INSTRUCTIONS FOR THE TASK:
Please write out only the lines from the line with "Traditional iranian souvenirs" to the line with "Easicrown Human Hair", inclusive, exactly as they stand below, without the pictures.

RECORDS FOR PROCESSING:
-------
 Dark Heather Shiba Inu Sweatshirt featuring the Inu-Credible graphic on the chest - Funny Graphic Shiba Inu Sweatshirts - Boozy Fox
-------
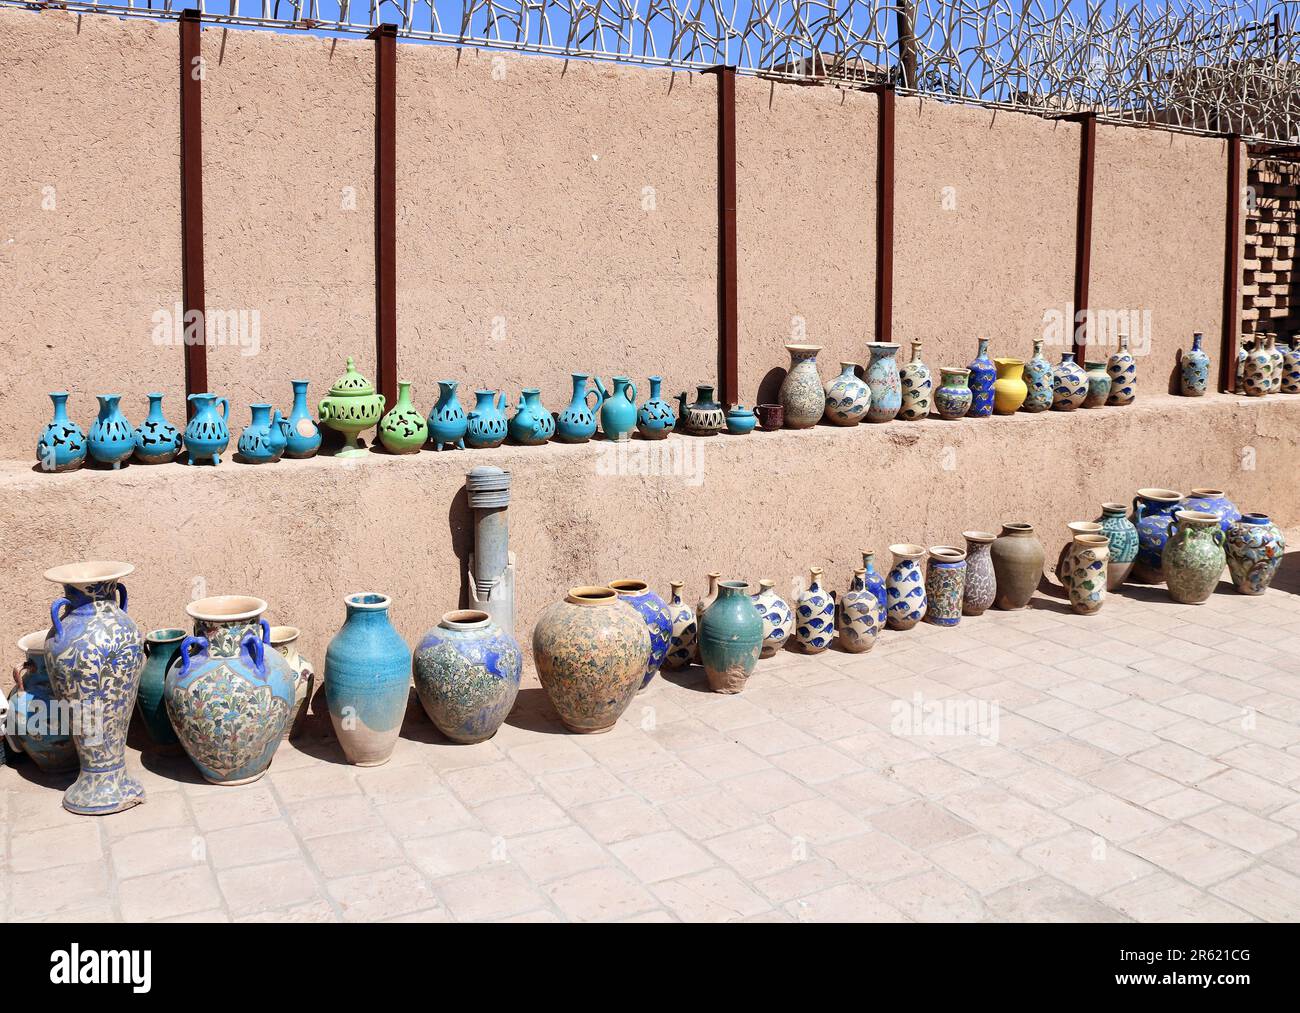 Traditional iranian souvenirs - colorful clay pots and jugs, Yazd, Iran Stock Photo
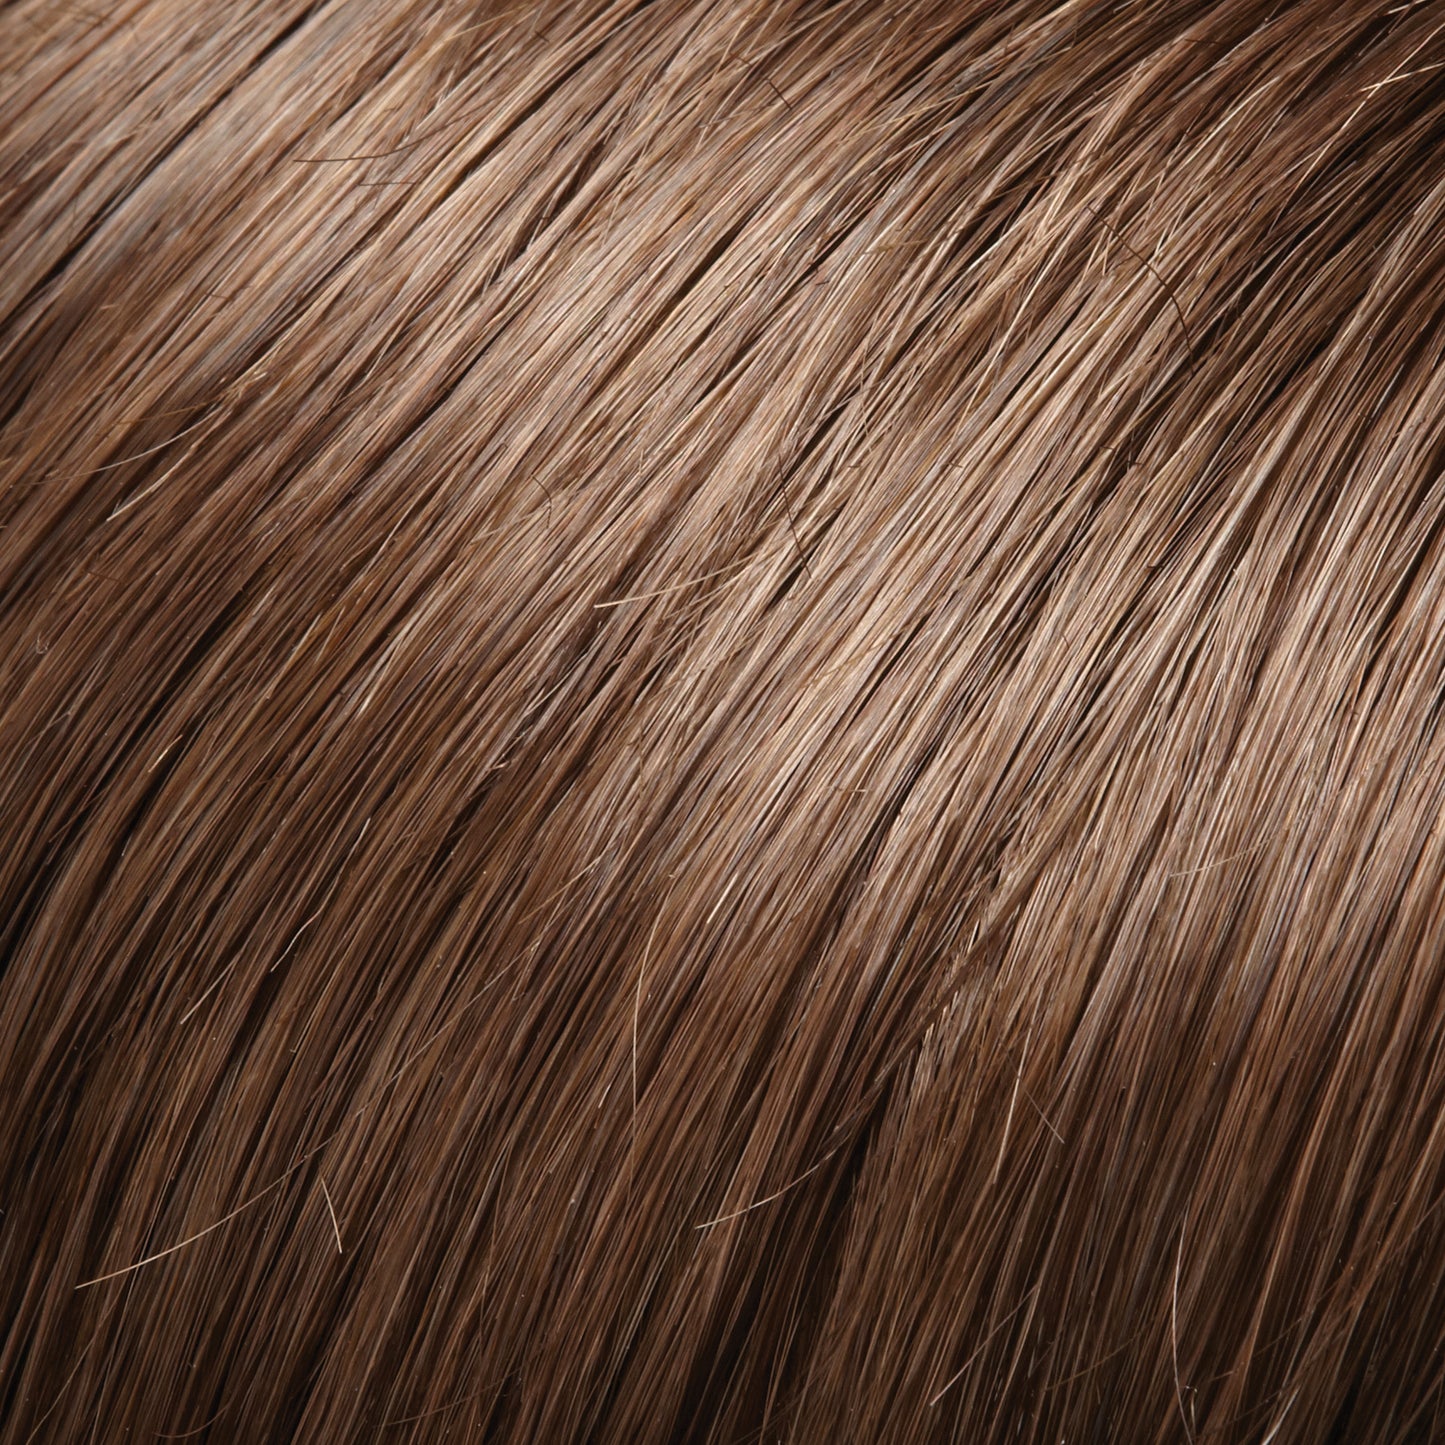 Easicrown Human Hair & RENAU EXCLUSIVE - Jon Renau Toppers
-------
SOLUTION:
 Traditional iranian souvenirs - colorful clay pots and jugs, Yazd, Iran Stock Photo
 Easicrown Human Hair & RENAU EXCLUSIVE - Jon Renau Toppers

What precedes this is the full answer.